**GIVEN RECORDS:**
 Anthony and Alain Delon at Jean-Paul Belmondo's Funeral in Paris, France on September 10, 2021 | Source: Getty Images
==
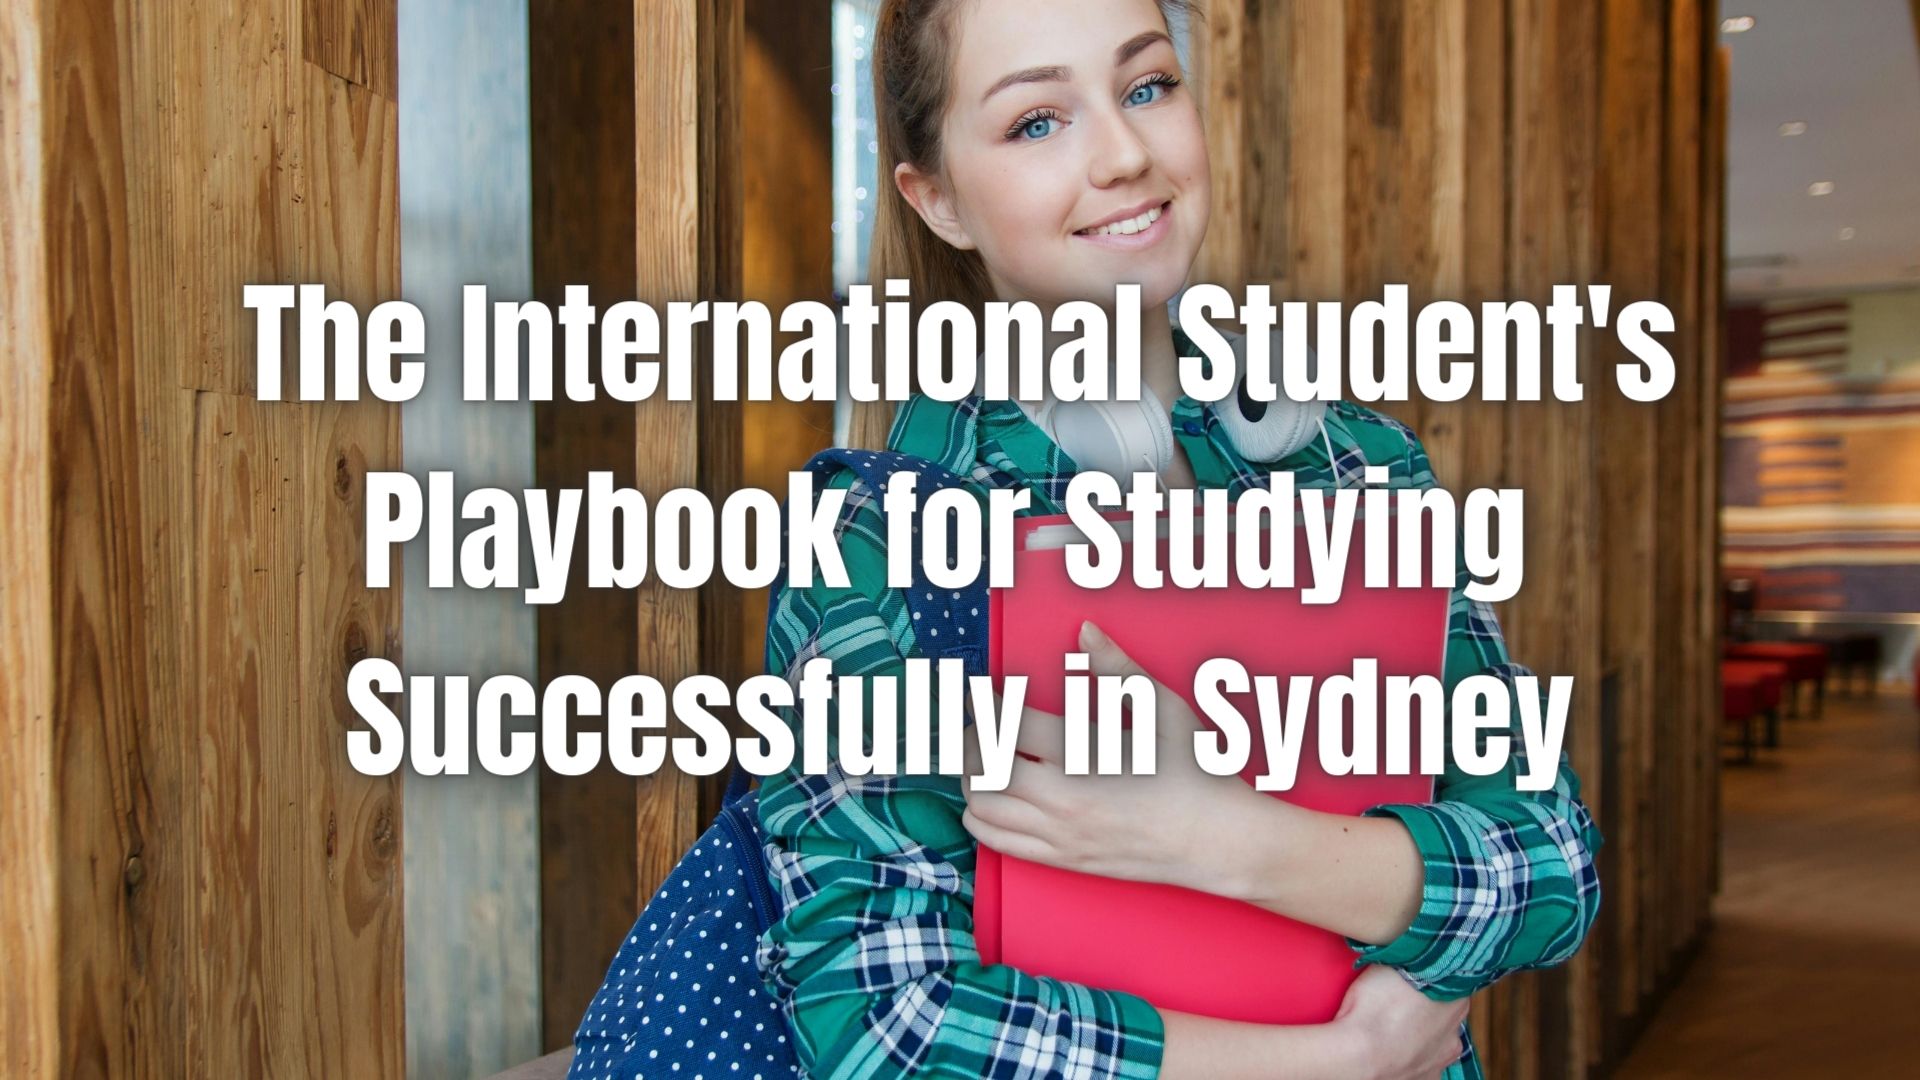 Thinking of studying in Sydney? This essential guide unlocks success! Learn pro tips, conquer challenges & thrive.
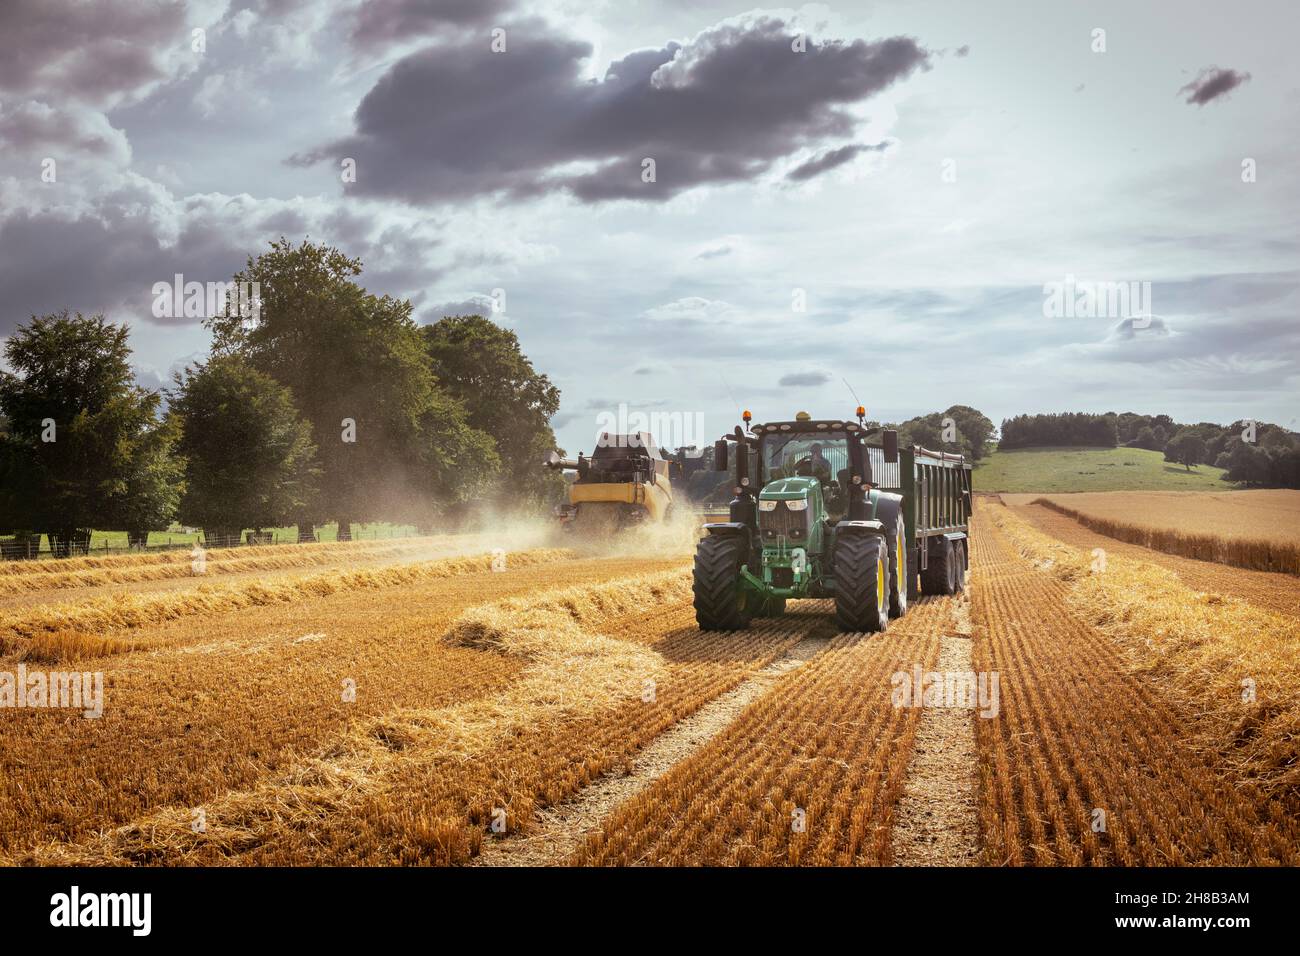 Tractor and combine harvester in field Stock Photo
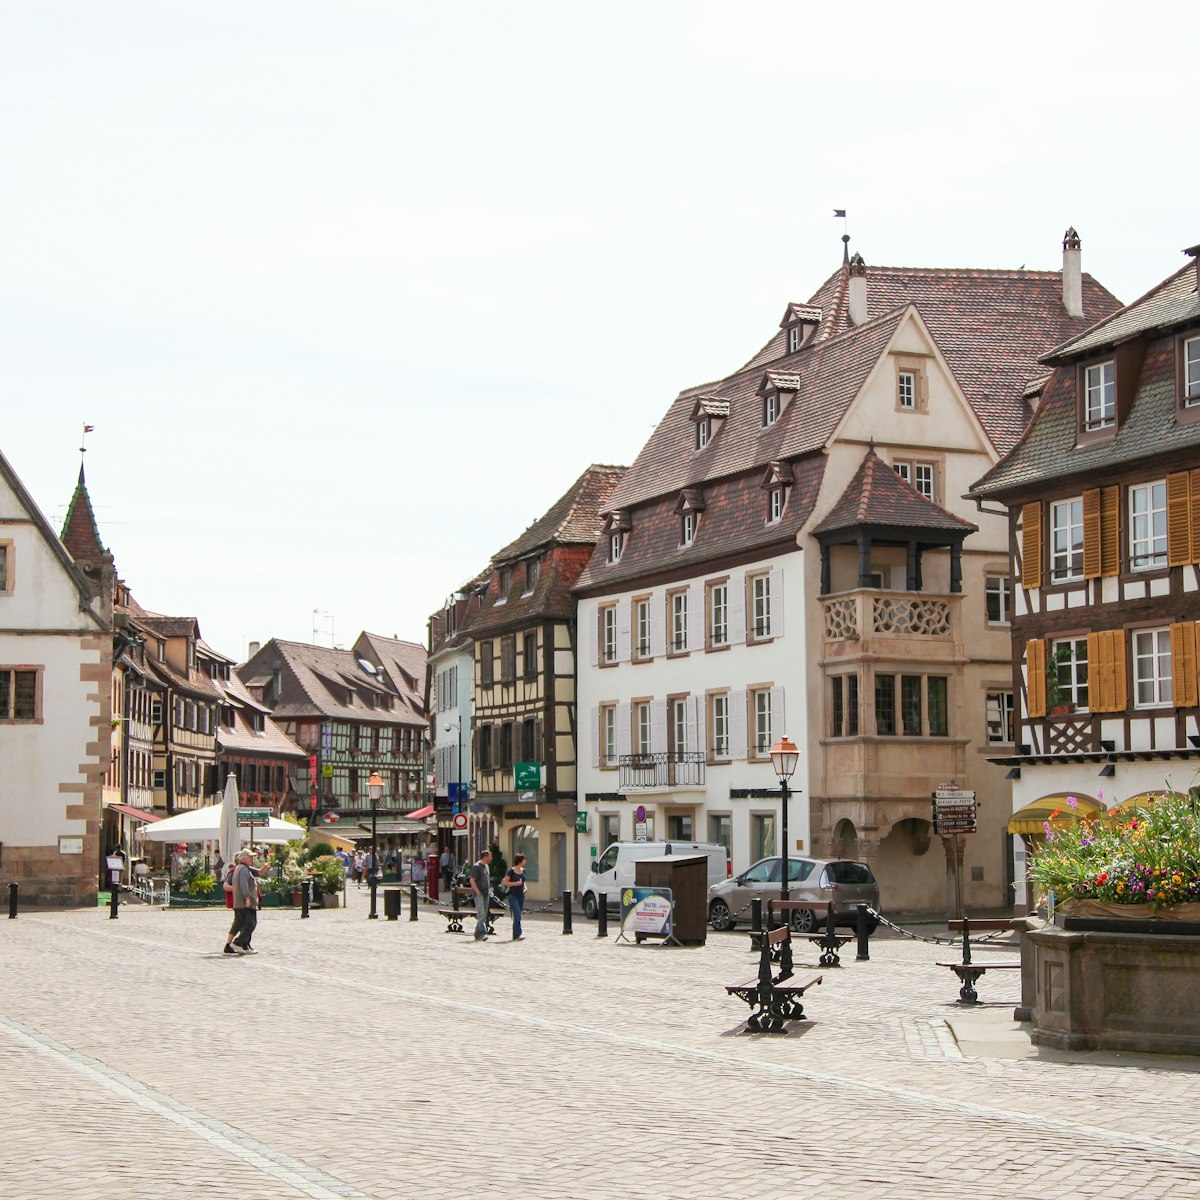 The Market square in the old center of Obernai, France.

**TASK REQUIREMENTS:** Nothing but the lines from the one with "Tractor and combine" to the one with "The Market square" above, both included, should be transcribed, exactly and without pictures.

**ANSWER TO THE PROBLEM:**
 Tractor and combine harvester in field Stock Photo
 The Market square in the old center of Obernai, France.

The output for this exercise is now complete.